If you have the calculations ready, I shd like to hear the result, taking the number of seeds produced by flowers fertilized by other flowers on the same plant, as 100. I wish to quote all yr observations in full, or at least to give a few cases as illustrations.

Hoping that you will grant me this favour, I remain | My dear Sir | yours very faithfully | Ch. Darwin

P.S. I read with the greatest interest your paper on the distribution of the seeds of the Graminæ.

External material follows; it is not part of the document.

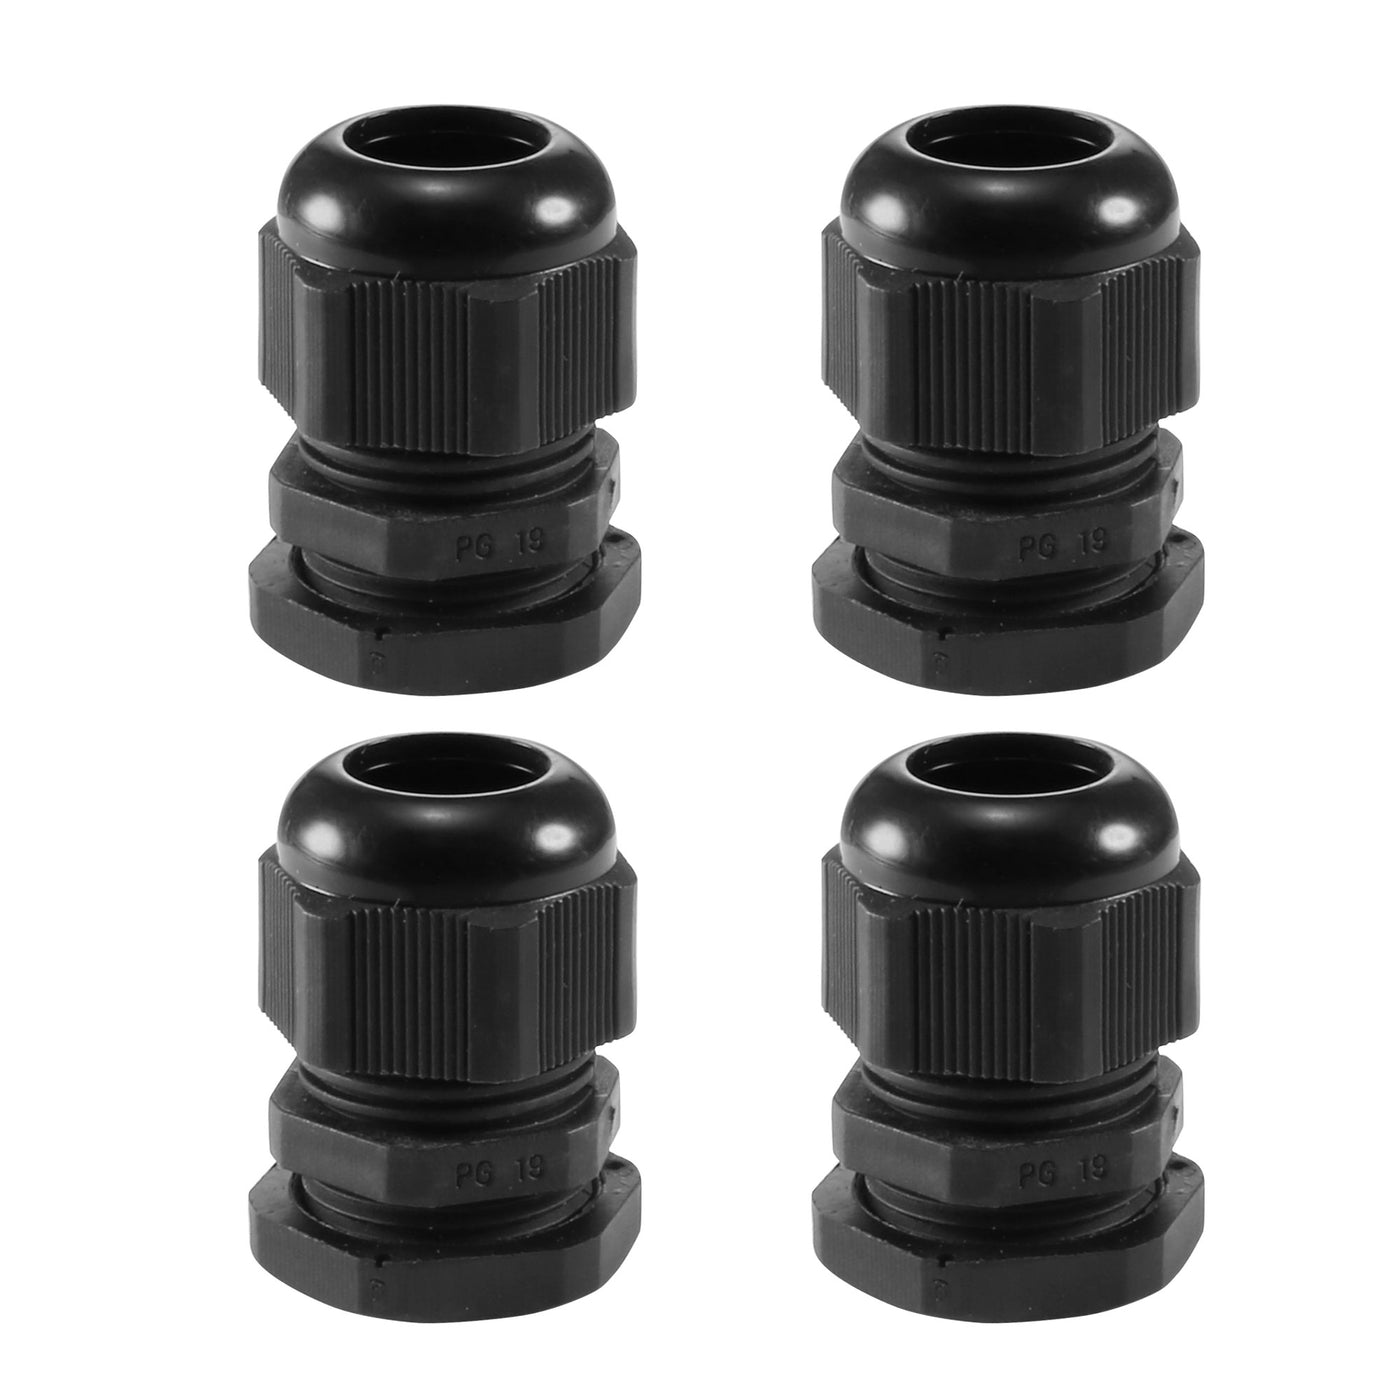 uxcell Uxcell 4Pcs PG19 Cable Gland Waterproof Plastic Joint Adjustable Locknut Black for 12mm-15mm Dia Cable Wire

I was particularly struck with your argument about the cultivated cereals.2 I may add, though it relates to rather a different point, that I have seen 2 accounts of moths frequently visiting the flowers of Glyceria fluitans, which makes me suppose that they must secrete nectar!3

Footnotes

In Variation 2: 132–3, CD had referred to Hildebrand’s experiments on fertilising Primula and Corydalis, whose flowers are dimorphic (Hildebrand 1864 and 1866b).
In Hildebrand 1872, pp. 740–1, Hildebrand pointed out that cultivated cereals, owing to their sensitivity to the weather, lost even more pollen than wild grasses, which lost two-thirds of their pollen to the wind. Early in the season, when conditions were wetter, there was more self-fertilisation by cultivated cereals; in warmer, dryer weather later in the season there was more cross-fertilisation.
Mythimna pudorina (the striped wainscot moth) feeds on both the pollen and the nectar of Glyceria fluitans, a species of aquatic perennial grass (Heath et al. 1979–, 9: 262). The two accounts have not been identified, but CD had noted in his 1861 abstract of Kurr 1833 that Poa aquatica (a synonym of Glyceria maxima, reed mannagrass) probably had nectar (see Marginalia 1: 472).

Bibliography

Hildebrand, Friedrich. 1864. Experimente über den Dimorphismus von Linum perenne und Primula sinensis. Botanische Zeitung 22: 1–5.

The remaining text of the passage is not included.